Write out the lines of the material below exactly, beginning at the line with "sp lenschrank herne" and stopping after the line with "Blue Colorblock Activewear Shorts Front", and leave out the pictures.
━━━━━ RECORDS FOR PROCESSING
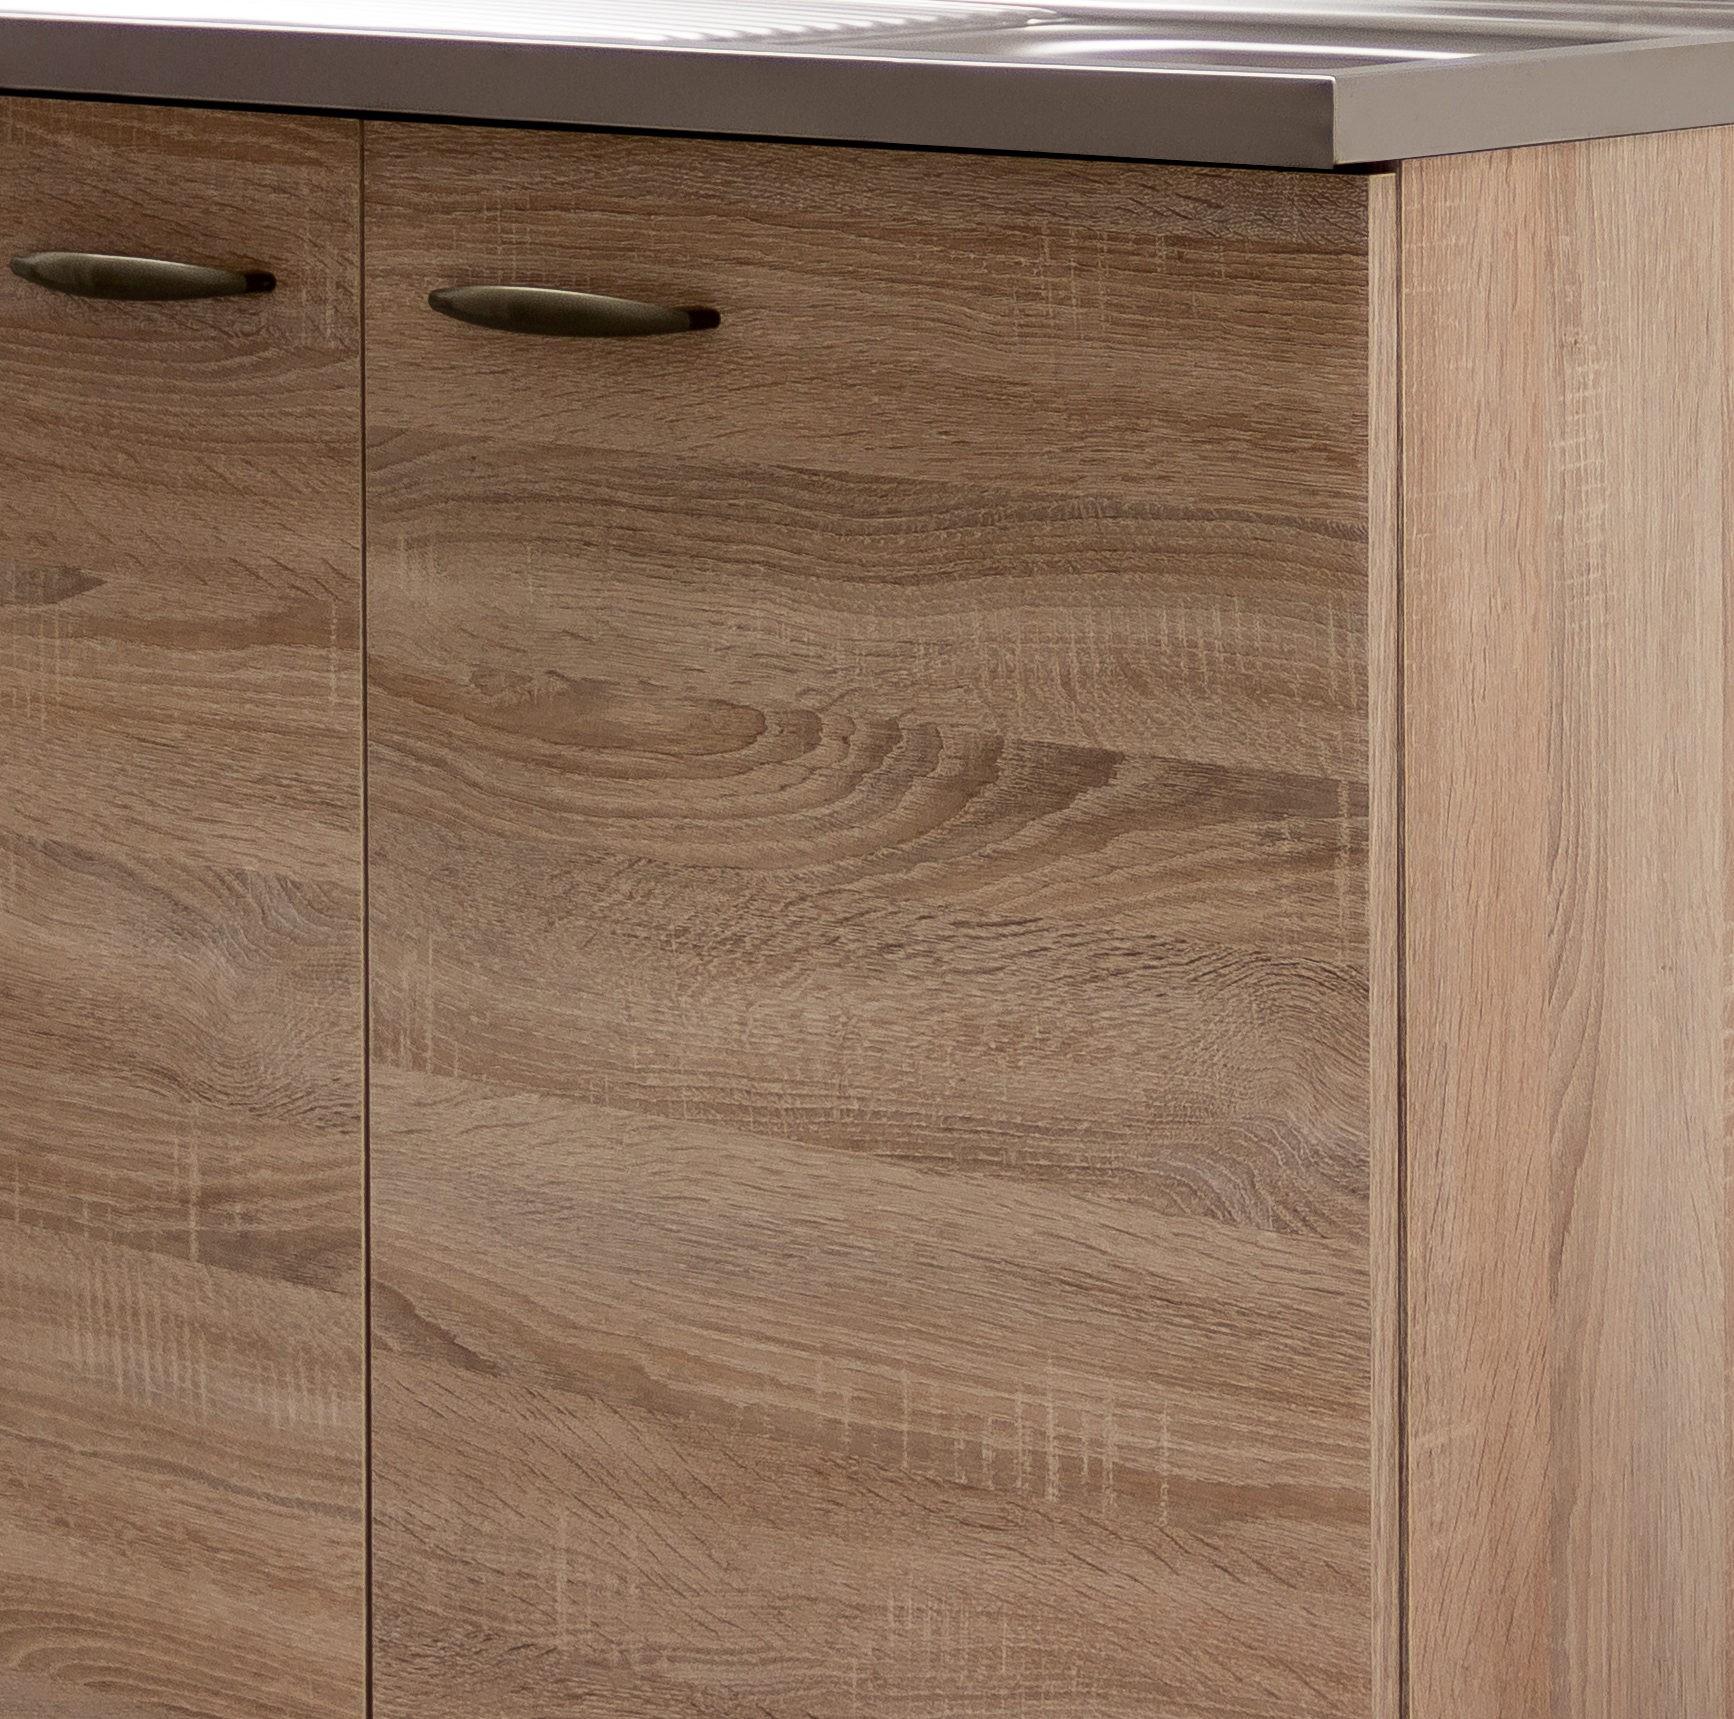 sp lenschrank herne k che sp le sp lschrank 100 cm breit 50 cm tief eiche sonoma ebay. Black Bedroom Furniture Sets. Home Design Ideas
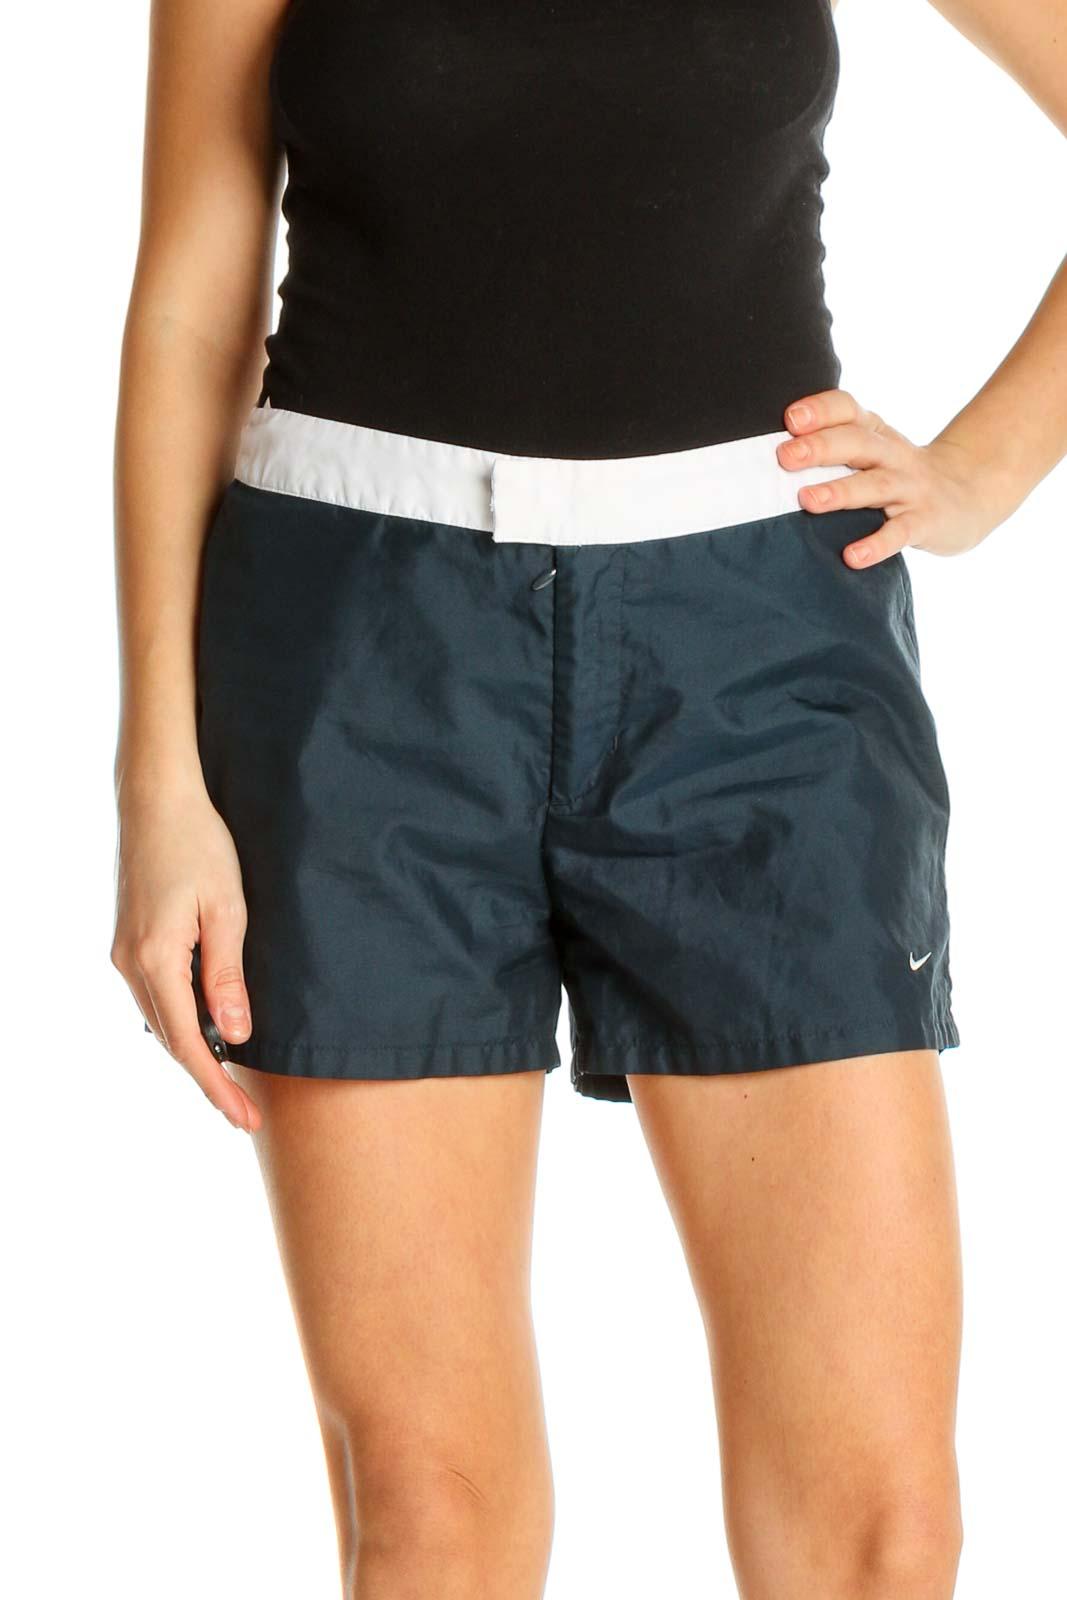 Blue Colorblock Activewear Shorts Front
━━━━━━━━━━
━━━━━ RECORDS FOR PROCESSING
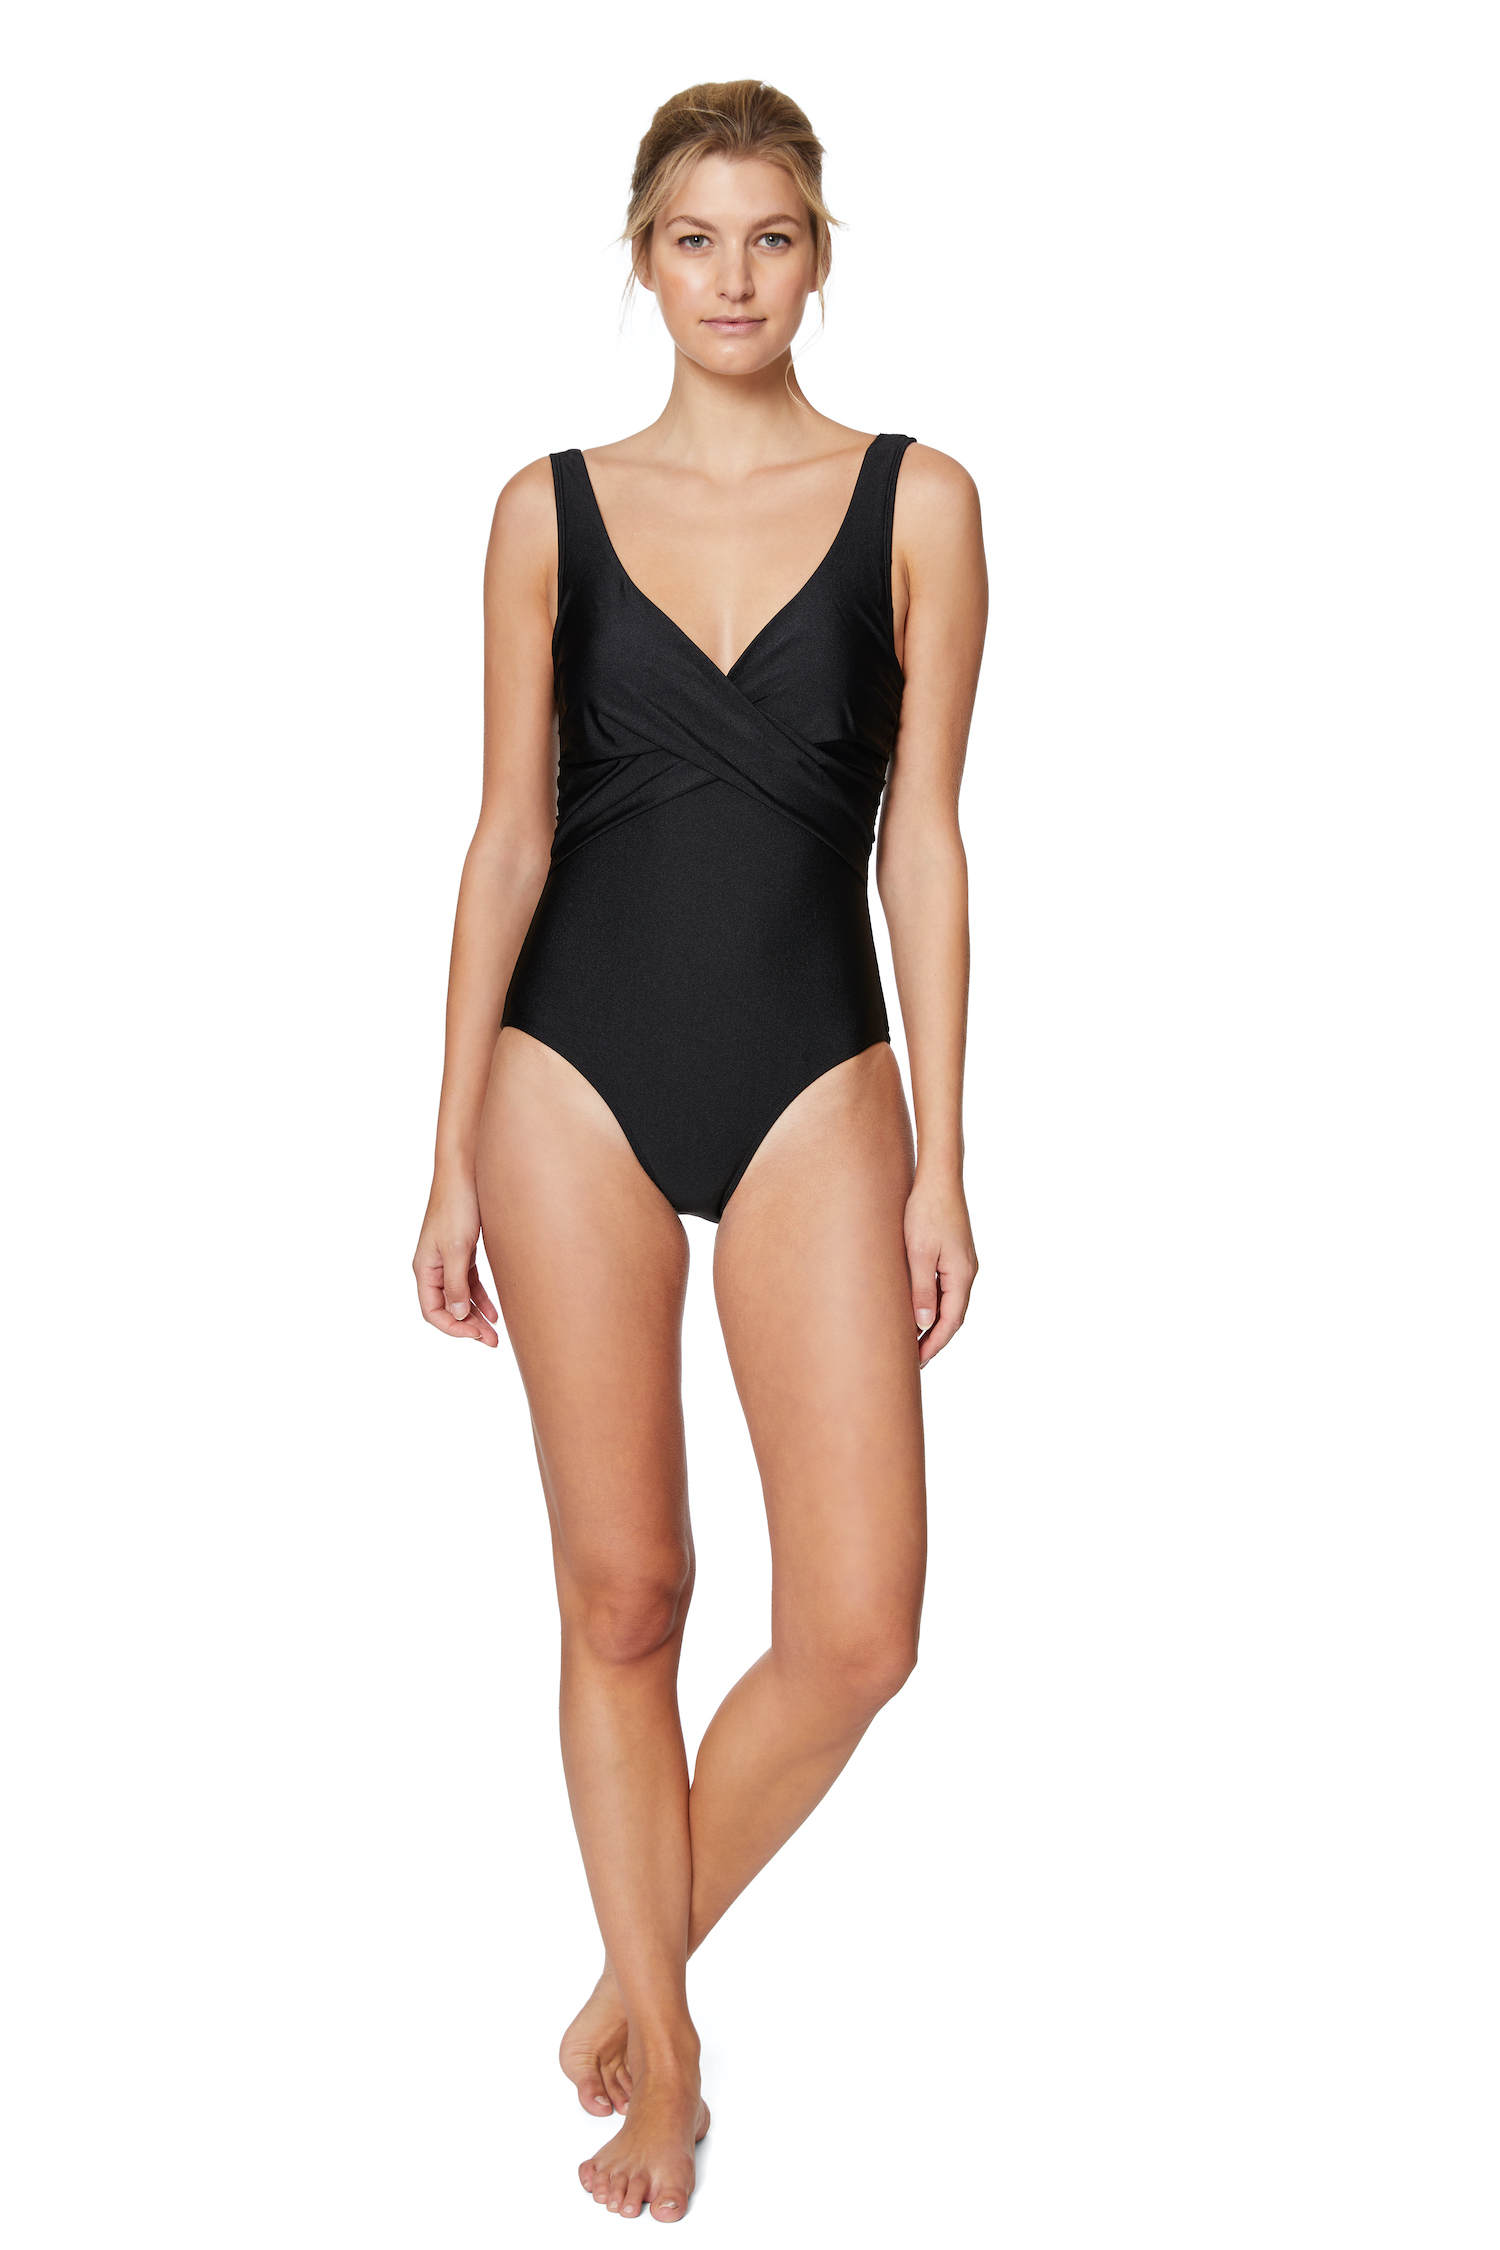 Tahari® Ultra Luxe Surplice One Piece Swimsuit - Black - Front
━━━━━━━━━━
*EXERCISE ANSWER*
 sp lenschrank herne k che sp le sp lschrank 100 cm breit 50 cm tief eiche sonoma ebay. Black Bedroom Furniture Sets. Home Design Ideas
 Blue Colorblock Activewear Shorts Front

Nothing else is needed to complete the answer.